Mushroom & Spinach Truffle Pasta

4 from 1 vote
Creamy Beef with Rotini Pasta (or similar) is the base for this flavorful dish.
Prep Time 20 minutes
Cook Time 15 minutes
Servings: 3
Course: Main Course

Ingredients
  

  • 1 Creamy Beef with Rotini Pasta meal (or similar) Prepare meal according to instructions.
  • 2 T. Butter, divided
  • 1 cup Fresh Cremini mushrooms, sliced
  • 2 slices Bacon, chopped
  • 1 cup Baby spinach, coarsely chopped
  • ½ tsp Truffle oil (optional)
  • ¼ cup Shredded Parmesan cheese You can rehydrate freeze-dried Parmesan cheese
  • Salt and black pepper to taste

Method
 

  1. Prepare pouch meal according to package instructions.

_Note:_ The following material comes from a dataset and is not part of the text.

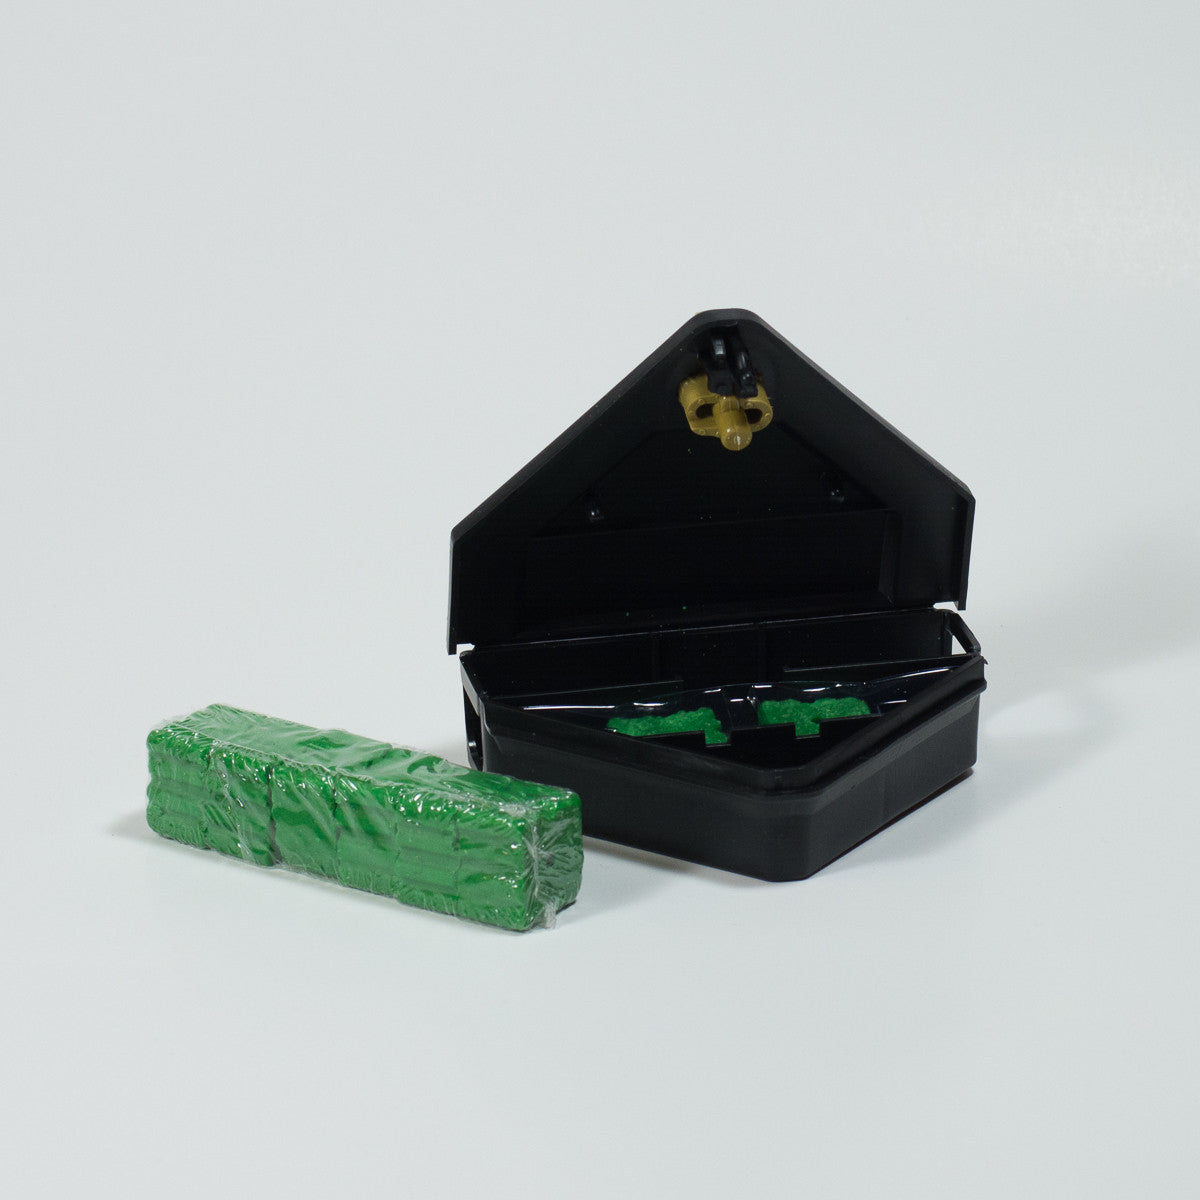 Mouse Bait Blocks including 8 Blocks and a Refillable Bait Station

Use two cups water or beef broth, if desired.
  2. Saute the sliced mushrooms in one tablespoon butter. Cook until they are tender, about 5-7 minutes.
  3. Add the Parmesan cheese to the hot rotini mixture and stir until it is melted and combined. You may need to add additional water or broth to maintain a consistency desired of a pasta dish.
  4. Add the sauteed mushrooms, cooked and chopped up bacon, coarsely chopped baby spinach, and the remaining tablespoon of butter.
  5. Transfer the mixture to a small, greased baking dish. Top with a little Parmesan or mozzarella cheese. Bake at 375℉ for 10 to 15 minutes or until the cheese topping is melted.
  6. Drizzle the finished, baked dish with truffle oil, if desired.